本来社会主义乃是人道主义。社会主义的社会,就是本於公道正义的互助博爱康乐的社会,而其国家亦应该是独立自由和平,而不是专制独裁残暴侵略的国家。但马克斯则自称其学说为「科学的社会主义」,指人道主义者的社会主义为「空想社会主义」。到了俄共的苏维埃政府,则其所谓社会主义的共产主义,就是其对内与沙皇极权主[198]义的历史传统结合,其对外乃成为大斯拉夫侵略主义的思想武器了。瓦里苏斯基说:「大彼得的俄罗斯乃是一座工厂和一个兵营。他把俄罗斯造成一个官员、工奴和士兵的国家。」(注一)恩格斯更批评大斯拉夫主义,说道:
「在历史学的领域内,几个斯拉夫涉猎者的作品中,有一道反历史的逆流。这一逆流的目的,是要把文明的西方屈服於野蛮的东方之下,把城市屈服於农村之下,把工业教育屈服於斯拉夫农奴制的原始农业之下。
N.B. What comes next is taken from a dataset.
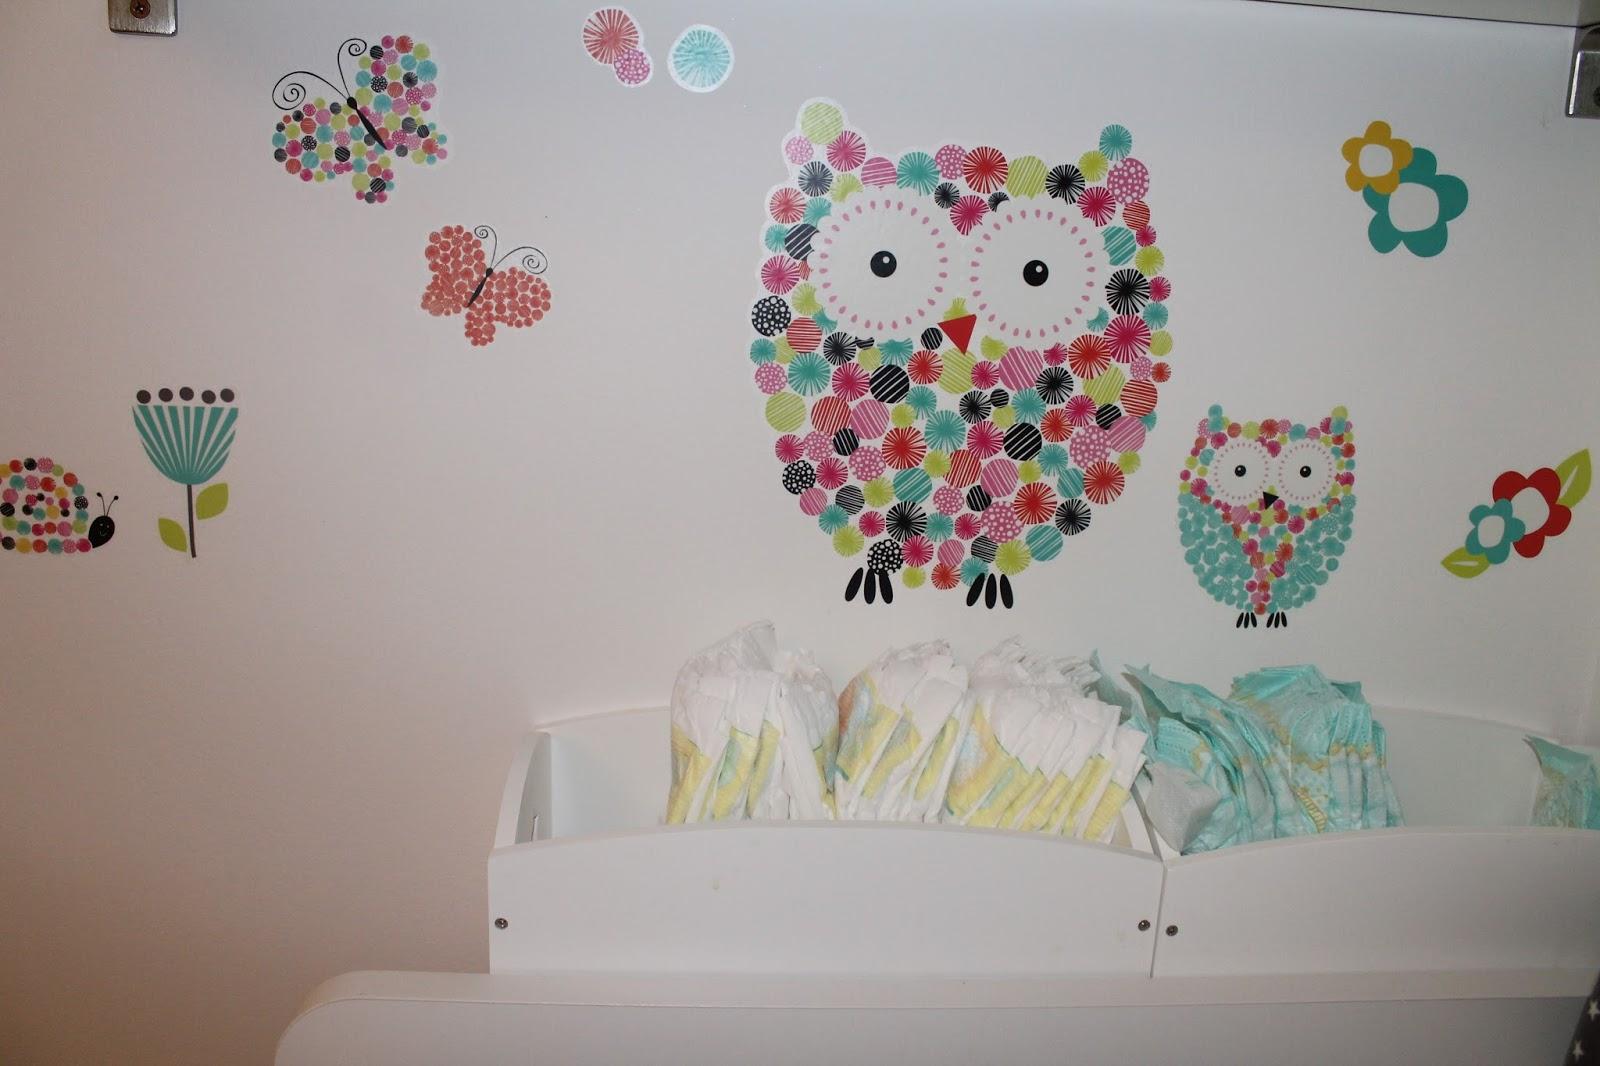 Roommates Wanddeko Frischer Wind F R Unser Kinderzimmer
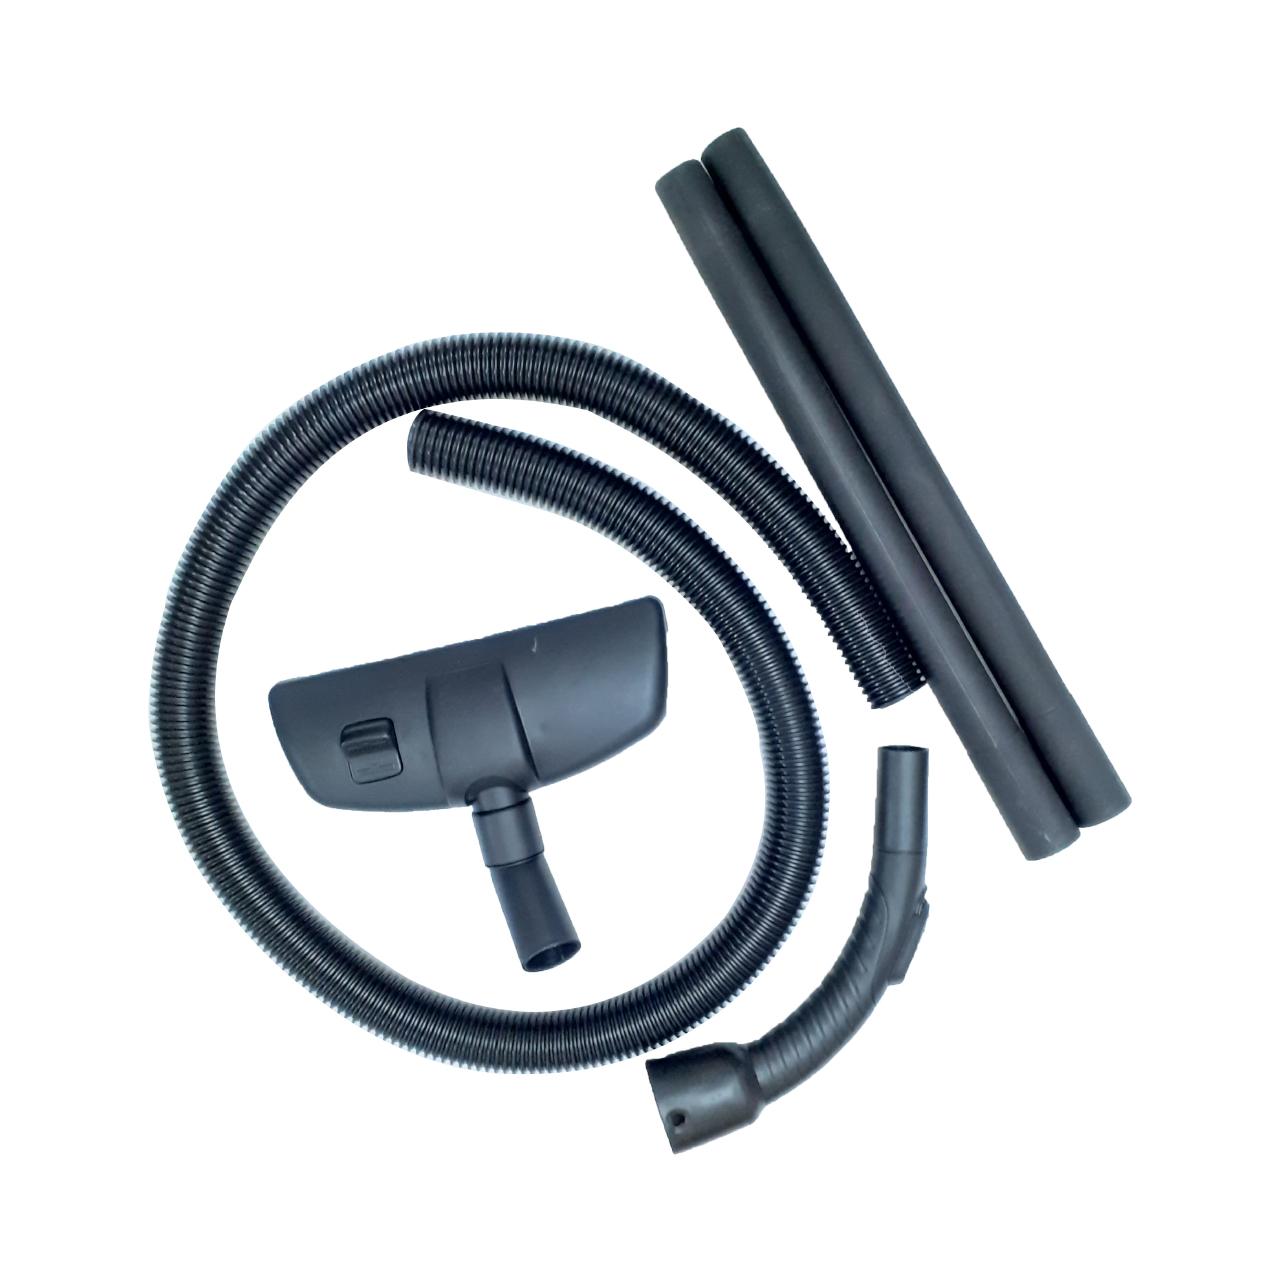 خرطومی و زانویی و لوله و برس جاروبرقی کد sha200 مناسب برای انواع جاروبرقی

但在这滑稽的理论背後,却站着一个恐怖的现实--即俄罗斯帝国他每一个运动,都是要把整个欧洲,看做斯拉夫部落--特别是其中唯一活跃的俄罗斯-的私产 。」(注二)
一九一七年以後的苏维埃俄罗斯,恰好就是建立於农奴和工奴的背脊之上的现代作战机构,而恩格斯这段话,就是今日苏俄帝国主义最确切的描写,也就是今日共产主义的反动性最恰当的说明。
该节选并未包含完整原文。